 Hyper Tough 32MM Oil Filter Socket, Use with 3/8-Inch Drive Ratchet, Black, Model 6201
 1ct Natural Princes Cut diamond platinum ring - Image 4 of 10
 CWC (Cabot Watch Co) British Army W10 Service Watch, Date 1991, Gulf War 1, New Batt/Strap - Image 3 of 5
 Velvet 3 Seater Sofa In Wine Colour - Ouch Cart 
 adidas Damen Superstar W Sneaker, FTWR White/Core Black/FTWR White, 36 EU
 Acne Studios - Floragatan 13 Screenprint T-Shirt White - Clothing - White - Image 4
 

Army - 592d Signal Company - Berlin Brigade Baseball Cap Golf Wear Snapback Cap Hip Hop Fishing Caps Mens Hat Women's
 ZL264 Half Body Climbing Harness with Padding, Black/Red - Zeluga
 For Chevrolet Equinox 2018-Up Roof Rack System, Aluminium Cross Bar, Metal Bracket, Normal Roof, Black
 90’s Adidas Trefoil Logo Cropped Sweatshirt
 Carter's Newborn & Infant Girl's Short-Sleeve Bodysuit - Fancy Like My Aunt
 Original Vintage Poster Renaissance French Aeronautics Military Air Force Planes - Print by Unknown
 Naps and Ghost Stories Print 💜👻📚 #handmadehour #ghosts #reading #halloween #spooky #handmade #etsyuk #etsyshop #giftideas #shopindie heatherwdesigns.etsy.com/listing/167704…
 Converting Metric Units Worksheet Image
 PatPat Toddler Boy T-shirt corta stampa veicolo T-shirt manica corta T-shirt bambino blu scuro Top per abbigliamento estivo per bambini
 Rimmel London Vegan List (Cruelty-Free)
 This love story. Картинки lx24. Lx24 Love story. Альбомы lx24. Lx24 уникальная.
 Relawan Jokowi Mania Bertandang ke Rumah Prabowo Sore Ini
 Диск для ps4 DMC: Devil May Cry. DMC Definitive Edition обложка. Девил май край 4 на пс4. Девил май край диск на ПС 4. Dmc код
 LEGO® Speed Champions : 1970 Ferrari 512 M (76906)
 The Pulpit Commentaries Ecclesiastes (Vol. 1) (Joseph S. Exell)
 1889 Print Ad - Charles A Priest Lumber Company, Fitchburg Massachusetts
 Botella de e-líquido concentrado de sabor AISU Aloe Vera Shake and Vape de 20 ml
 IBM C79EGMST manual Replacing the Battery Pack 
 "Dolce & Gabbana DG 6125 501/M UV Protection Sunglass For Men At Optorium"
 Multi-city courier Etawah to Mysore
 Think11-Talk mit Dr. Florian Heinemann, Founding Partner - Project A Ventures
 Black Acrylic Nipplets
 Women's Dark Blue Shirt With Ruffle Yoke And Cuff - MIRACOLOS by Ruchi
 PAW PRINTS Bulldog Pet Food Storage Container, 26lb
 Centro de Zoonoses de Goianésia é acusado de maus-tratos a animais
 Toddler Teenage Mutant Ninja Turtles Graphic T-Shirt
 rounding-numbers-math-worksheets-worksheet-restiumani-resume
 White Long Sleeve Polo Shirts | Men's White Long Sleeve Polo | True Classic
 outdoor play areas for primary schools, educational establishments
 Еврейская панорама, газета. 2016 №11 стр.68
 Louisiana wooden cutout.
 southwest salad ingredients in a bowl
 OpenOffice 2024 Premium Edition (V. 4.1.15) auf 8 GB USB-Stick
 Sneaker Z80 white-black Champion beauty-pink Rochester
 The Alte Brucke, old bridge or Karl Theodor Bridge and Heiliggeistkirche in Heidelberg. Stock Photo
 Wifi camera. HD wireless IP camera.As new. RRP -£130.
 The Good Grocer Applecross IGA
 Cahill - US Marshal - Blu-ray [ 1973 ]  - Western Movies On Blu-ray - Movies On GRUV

EXERCISE INSTRUCTIONS:
Set down, unchanged, only those lines above that fall between the line with "Acne Studios - Floragatan" and the line with "Think11-Talk mit Dr.", the two end lines included.

THE ANSWER:
 Acne Studios - Floragatan 13 Screenprint T-Shirt White - Clothing - White - Image 4
 

Army - 592d Signal Company - Berlin Brigade Baseball Cap Golf Wear Snapback Cap Hip Hop Fishing Caps Mens Hat Women's
 ZL264 Half Body Climbing Harness with Padding, Black/Red - Zeluga
 For Chevrolet Equinox 2018-Up Roof Rack System, Aluminium Cross Bar, Metal Bracket, Normal Roof, Black
 90’s Adidas Trefoil Logo Cropped Sweatshirt
 Carter's Newborn & Infant Girl's Short-Sleeve Bodysuit - Fancy Like My Aunt
 Original Vintage Poster Renaissance French Aeronautics Military Air Force Planes - Print by Unknown
 Naps and Ghost Stories Print 💜👻📚 #handmadehour #ghosts #reading #halloween #spooky #handmade #etsyuk #etsyshop #giftideas #shopindie heatherwdesigns.etsy.com/listing/167704…
 Converting Metric Units Worksheet Image
 PatPat Toddler Boy T-shirt corta stampa veicolo T-shirt manica corta T-shirt bambino blu scuro Top per abbigliamento estivo per bambini
 Rimmel London Vegan List (Cruelty-Free)
 This love story. Картинки lx24. Lx24 Love story. Альбомы lx24. Lx24 уникальная.
 Relawan Jokowi Mania Bertandang ke Rumah Prabowo Sore Ini
 Диск для ps4 DMC: Devil May Cry. DMC Definitive Edition обложка. Девил май край 4 на пс4. Девил май край диск на ПС 4. Dmc код
 LEGO® Speed Champions : 1970 Ferrari 512 M (76906)
 The Pulpit Commentaries Ecclesiastes (Vol. 1) (Joseph S. Exell)
 1889 Print Ad - Charles A Priest Lumber Company, Fitchburg Massachusetts
 Botella de e-líquido concentrado de sabor AISU Aloe Vera Shake and Vape de 20 ml
 IBM C79EGMST manual Replacing the Battery Pack 
 "Dolce & Gabbana DG 6125 501/M UV Protection Sunglass For Men At Optorium"
 Multi-city courier Etawah to Mysore
 Think11-Talk mit Dr. Florian Heinemann, Founding Partner - Project A Ventures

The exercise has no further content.